NFS Performance Checking and Optimizing

Mounting parameters
1. soft/hard
  hard: If the NFS service of the server becomes invalid after the client is successfully mounted, the client attempts to resend the service request infinitely. Therefore, programs that access the file system, such as running the cd, ls, or df command, are suspended and services are not responded. After the NFS service is restarted on the server, the client waits the returned operation result for a period of time.
  
  soft: When soft is used for mounting, an error is returned after the client attempts to resend the request in limited times.
  
  Note: If this parameter is not set, hard is used by default.
2. timeo/retrans
  timeo: specifies the waiting time before the request is retransmitted, and retrans specifies the number of retransmission times after each request fails. Both parameters are used to control the behavior of the client after the request times out.
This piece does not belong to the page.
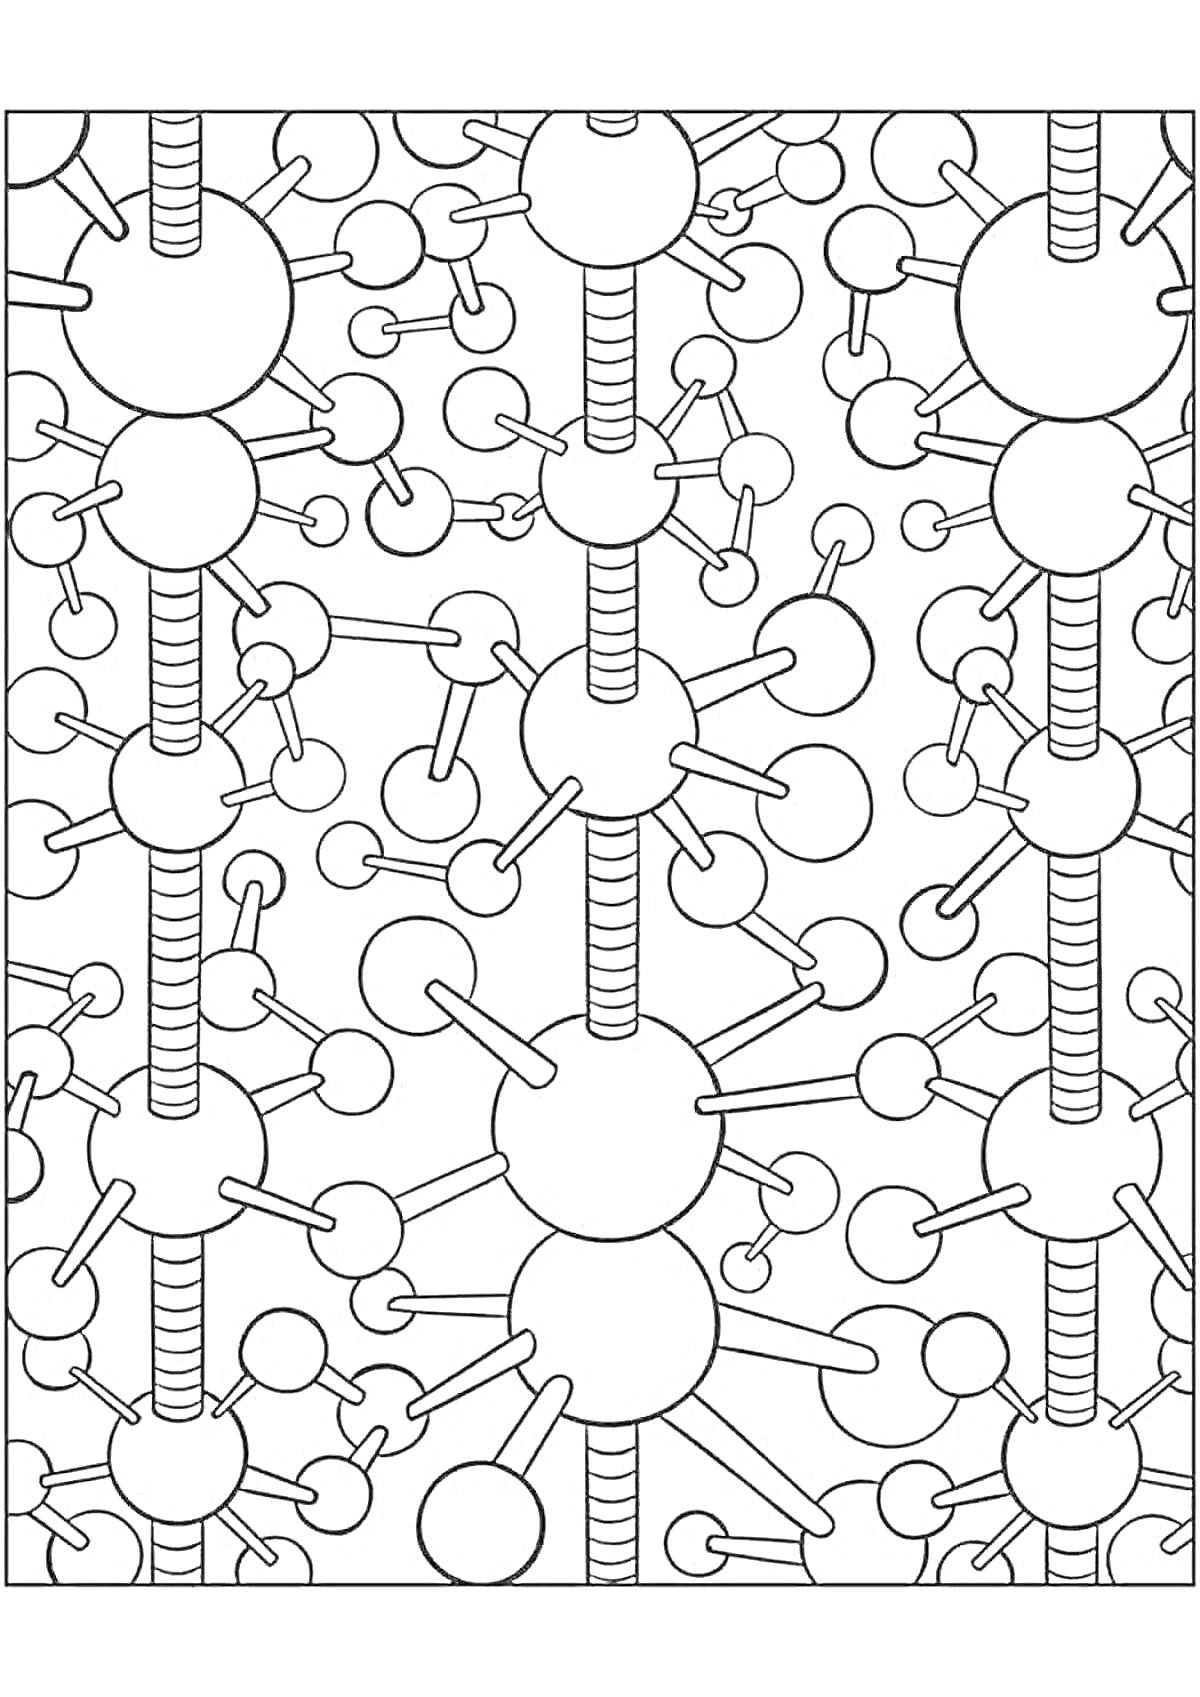 Раскраска Молекулы и соединения с атомами на фоне, антистресс раскраска
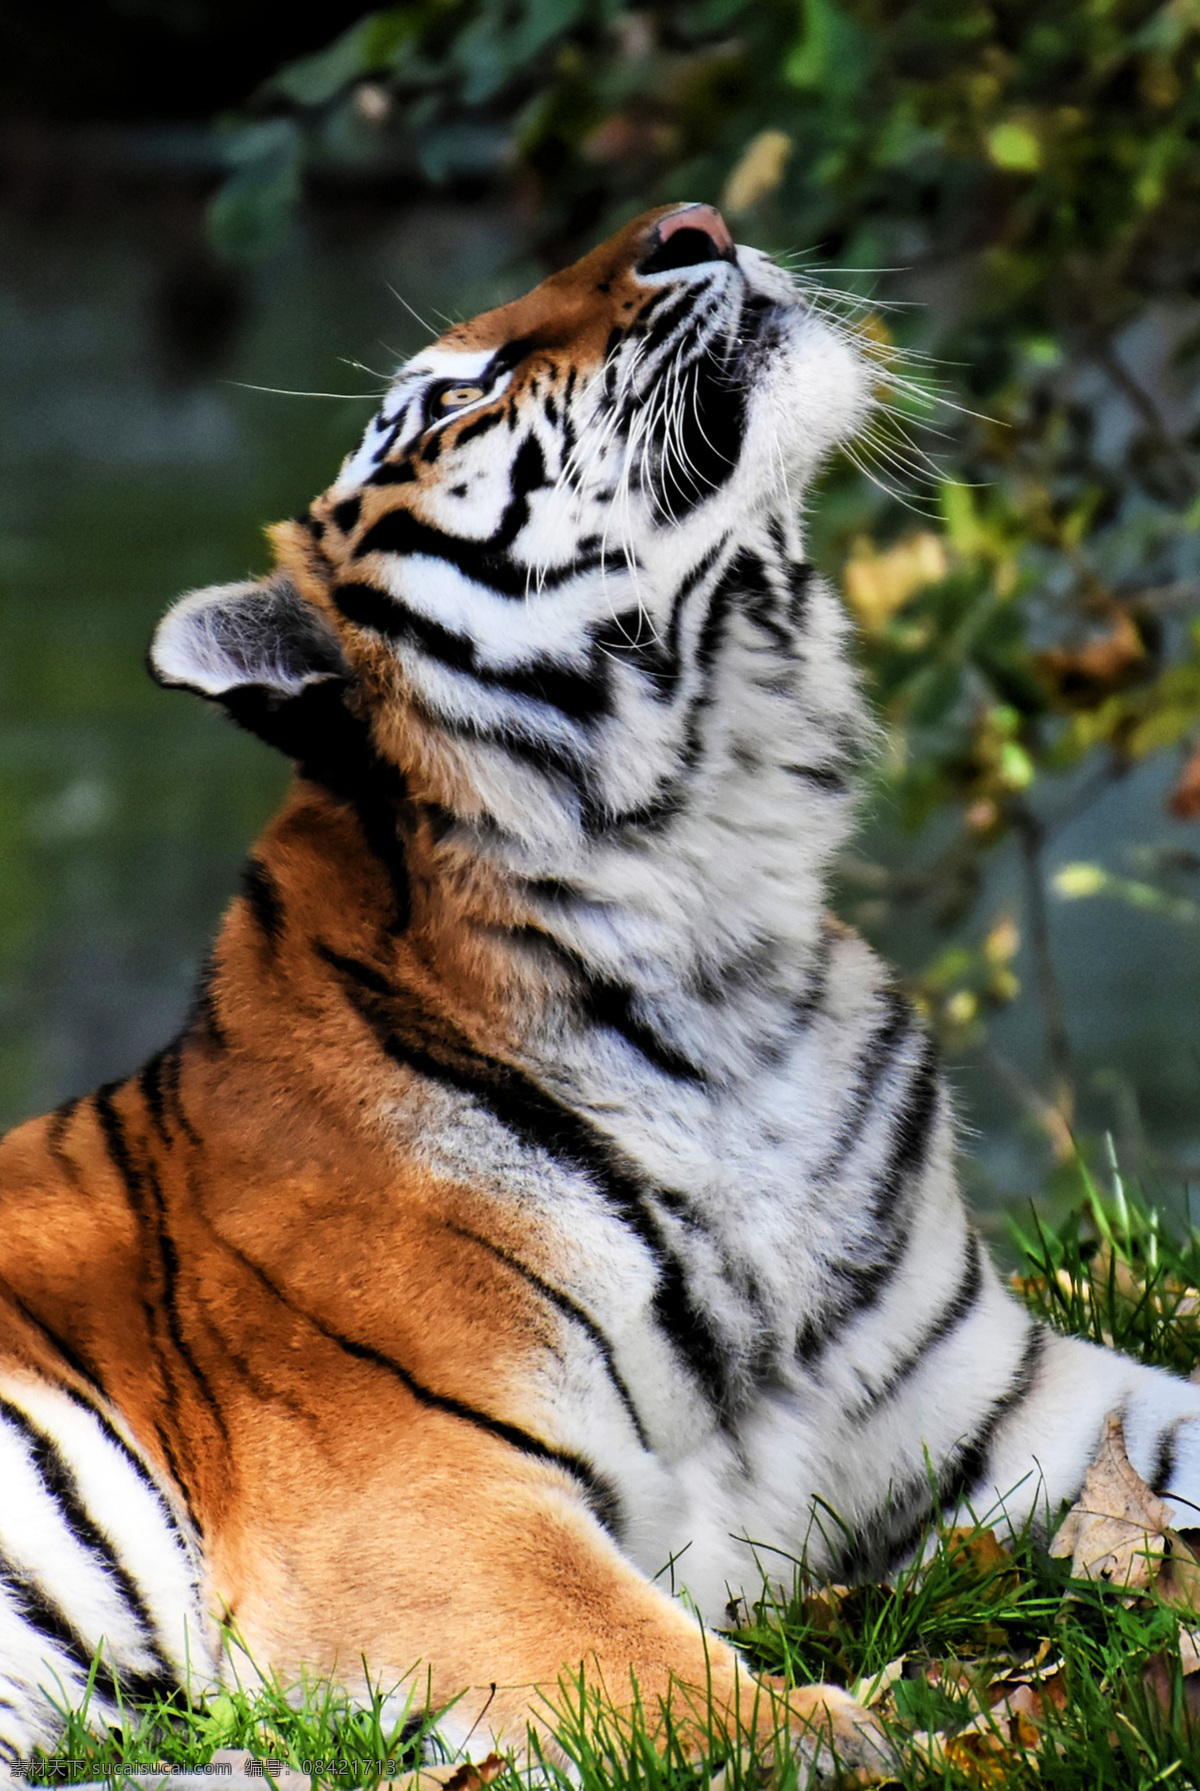 老虎 panthera tigris 猫科动物 tiger 哺乳动物 西伯利亚虎 东北虎 华南虎 巴厘虎 印度支那虎 马来亚虎 爪哇虎 苏门答腊虎 孟加拉虎 里海虎

This parameter is valid only when retrans and soft are used together.
3. wsize
  wsize: If this parameter is not set, the value is negotiated between the client and server.
  
  Note: Generally, the default value is used. The value is negotiated between the client and server. For a congested low-speed network, you can reduce the value of this parameter so that smaller request packets are sent to the server to improve NFS performance. For a high-speed network, you can increase the value of this parameter to reduce the number of request packets sent to the server and improve performance.
4. rsize
  rsize: If this parameter is not set, the value is negotiated between the client and server.
  
  Note: Generally, the default value is used. The value is negotiated between the client and server. For a congested low-speed network, you can reduce the value of this parameter so that smaller request packets are sent to the server to improve NFS performance. For a high-speed network, you can increase the value of this parameter to reduce the number of request packets sent to the server and improve performance.
5. ac/noac
  ac/noac: To improve performance, the NFS client caches file attributes (ac by default), checks the file attributes periodically, and updates the file attributes. When the ac parameter is used to cache file attributes, the acregmin, acregmax, acdirmin, acdirmax, or actimeo parameter can also be used. acregmin/acregmax: specifies the minimum and maximum duration (in seconds) for caching common file attributes on the NFS client. After the duration expires, the attributes are updated. By default, the minimum duration is 3s and the maximum duration is 60s.
  
  acdirmin/acdirmax: specifies the minimum and maximum duration (in seconds) for setting the attributes of the cache directory on the NFS client. After the duration expires, the attributes are updated. By default, the minimum duration is 3s and the maximum duration is 60s.
  
  actimeo: sets acregmin, acregmax, acdirmin, and acdirmax to the same value, in seconds.
  
  Note: When the attributes of the shared file on the server are frequently changed by multiple clients, you are advised to use the noac option, or ac with a smaller acregmin, acregmax, acdirmin, or acdirmax value to achieve better attribute consistency. If the attributes of the shared files on the server are not frequently changed, for example, the file sharing is read-only or the network delivers good performance, you are advised to use the default ac option and set acregmin, acregmax, acdirmin, or acdirmax based on the actual network status.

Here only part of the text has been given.